• [Work task]: From the data below, please reproduce exactly everything from the line that contains "AMD, GOATi and" down to the line that contains "blue on side", with both ends included.

** Opening Records supplied block **

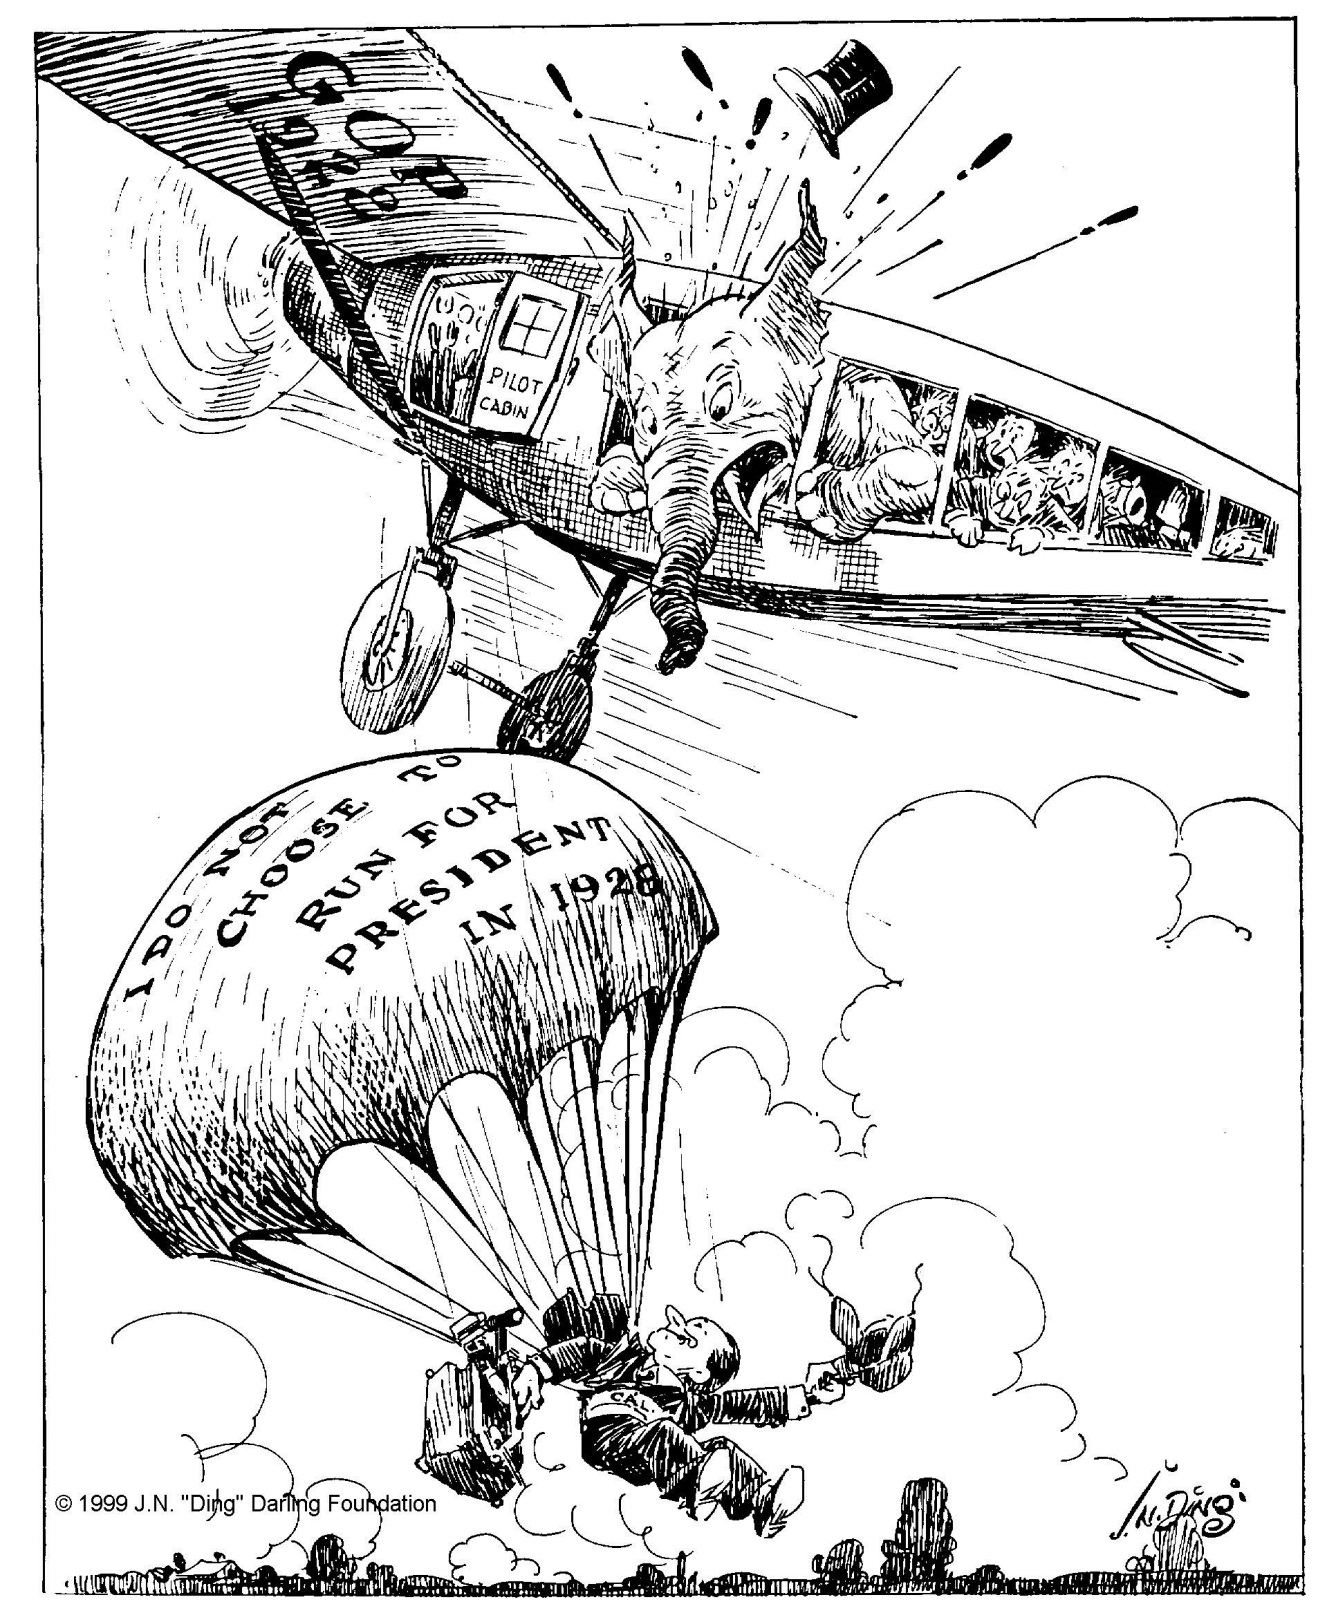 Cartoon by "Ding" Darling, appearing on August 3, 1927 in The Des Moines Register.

** Closing Records supplied block **
** Opening Records supplied block **

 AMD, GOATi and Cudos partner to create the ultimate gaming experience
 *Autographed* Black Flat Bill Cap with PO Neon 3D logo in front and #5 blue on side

** Closing Records supplied block **
** Opening Records supplied block **

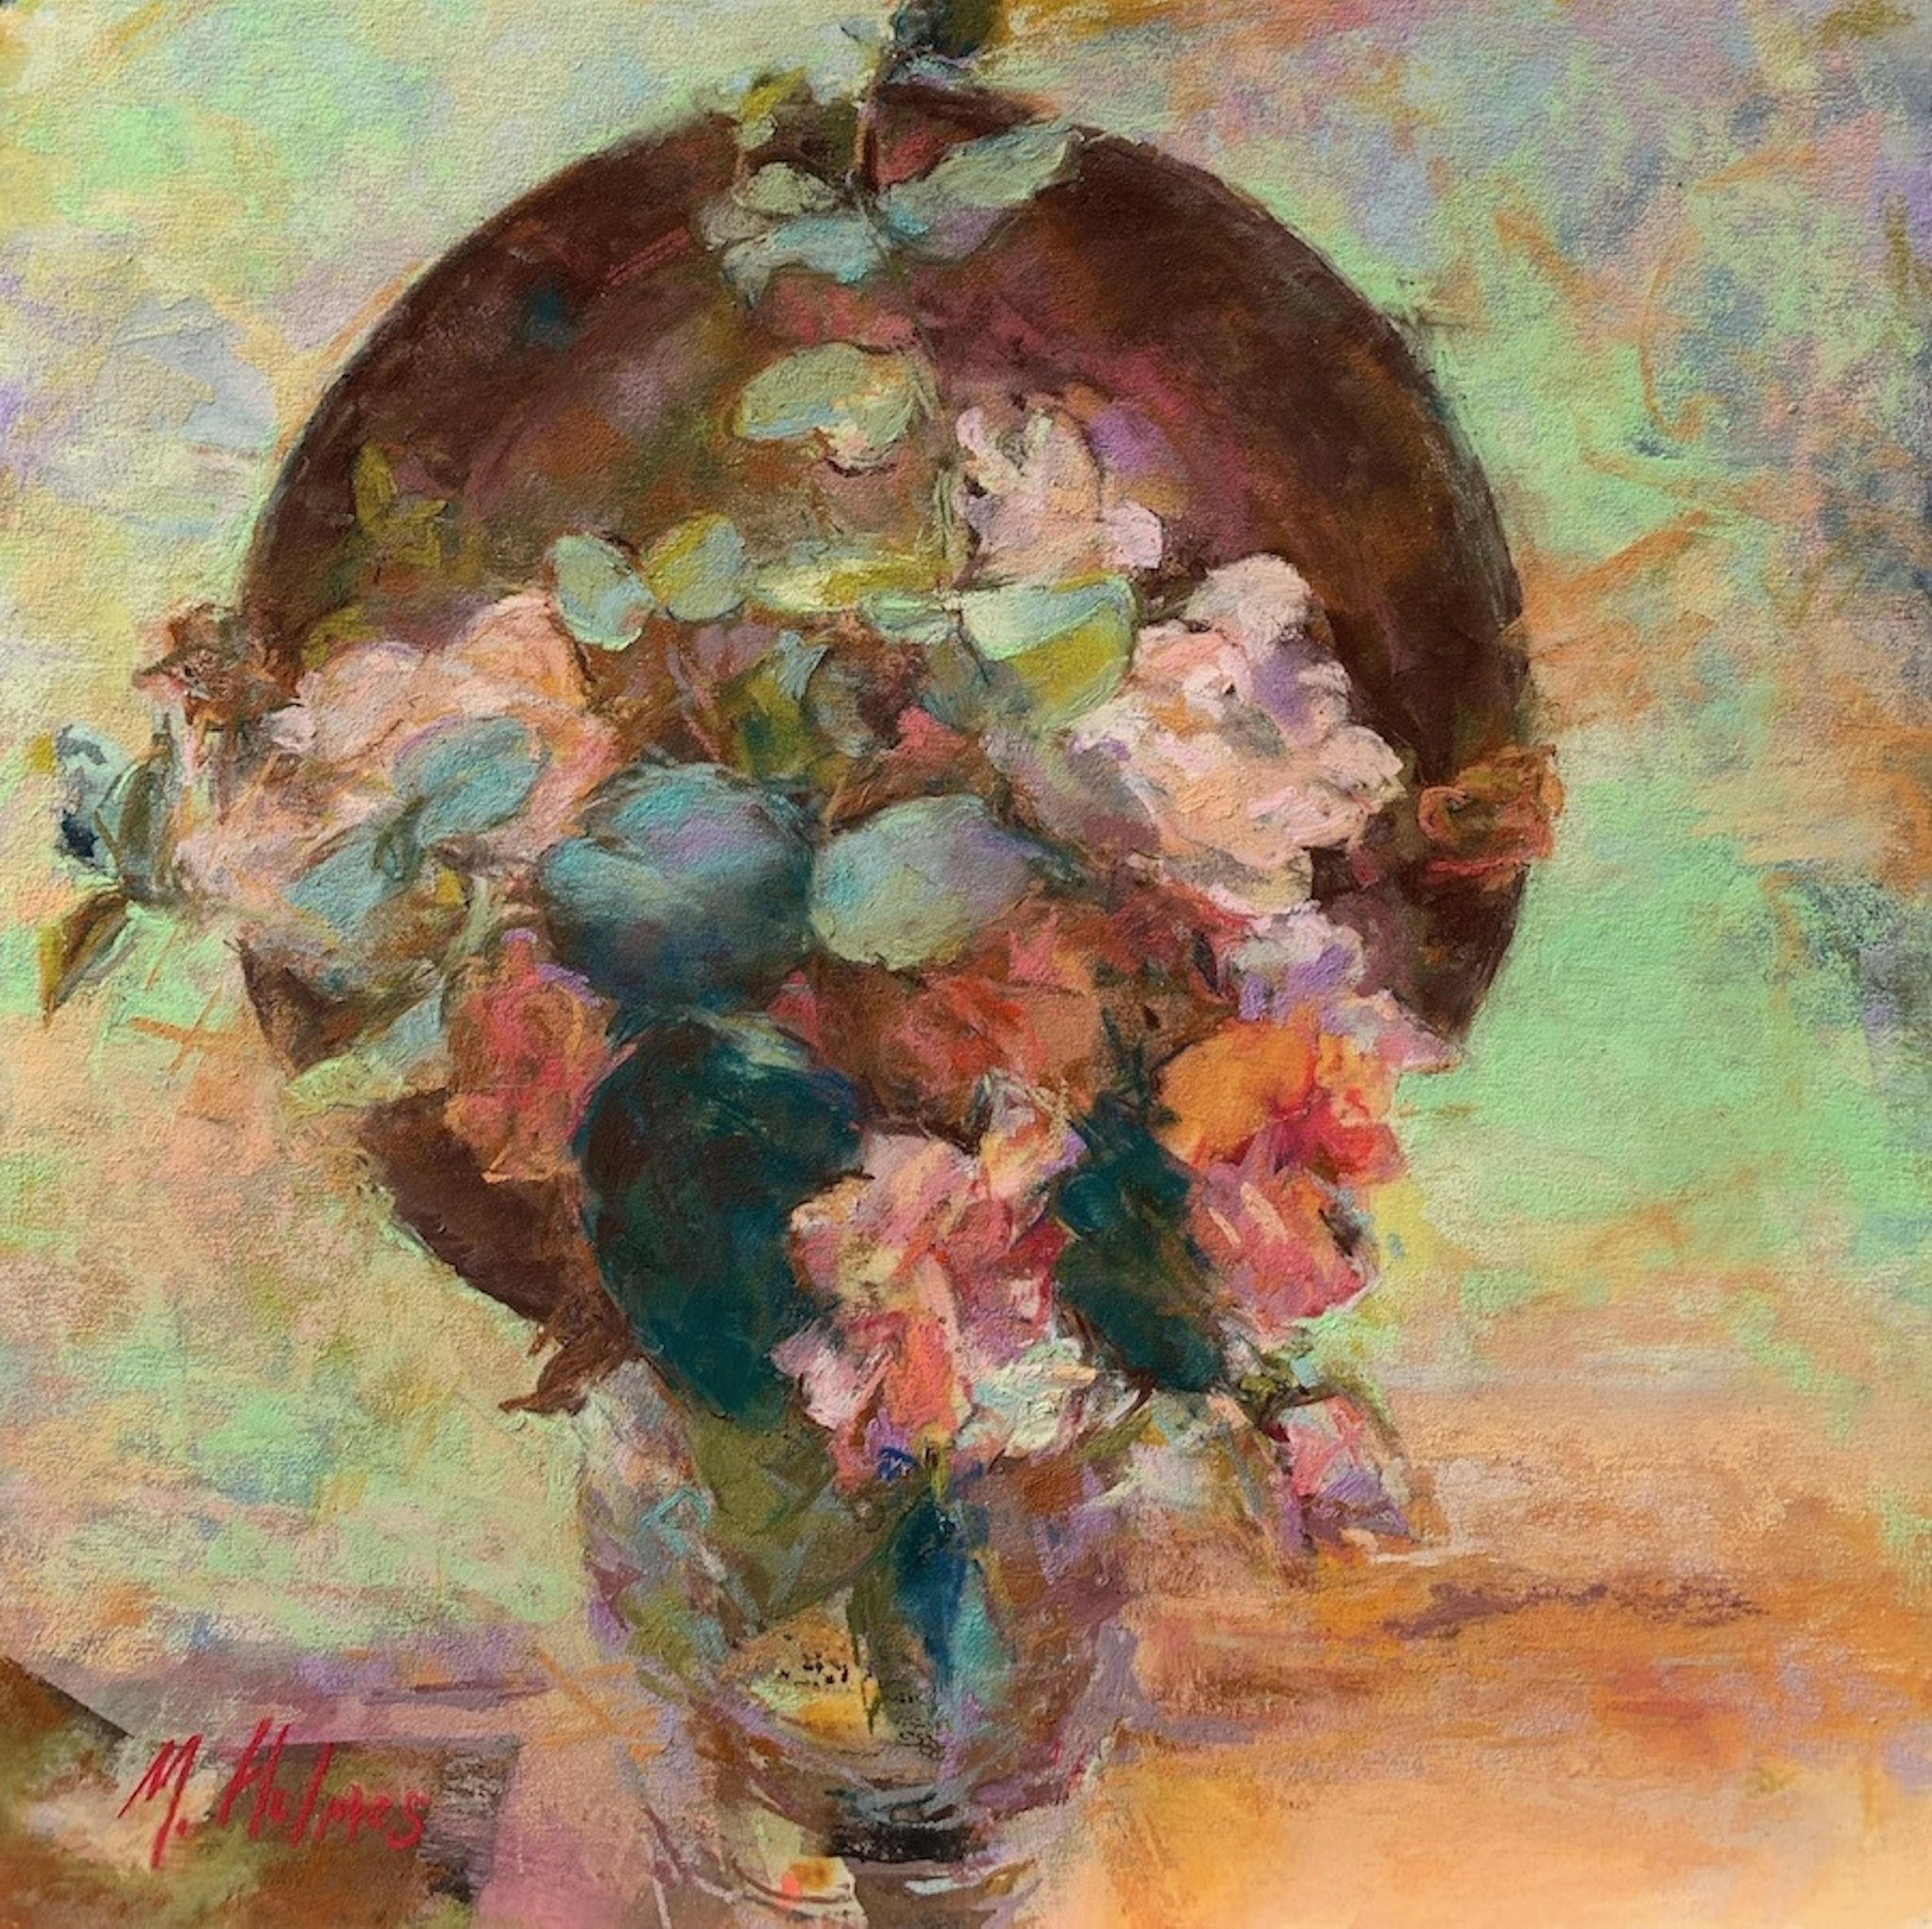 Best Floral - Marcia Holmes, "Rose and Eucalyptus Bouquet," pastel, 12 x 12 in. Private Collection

** Closing Records supplied block **

• [Expected answer]:
 AMD, GOATi and Cudos partner to create the ultimate gaming experience
 *Autographed* Black Flat Bill Cap with PO Neon 3D logo in front and #5 blue on side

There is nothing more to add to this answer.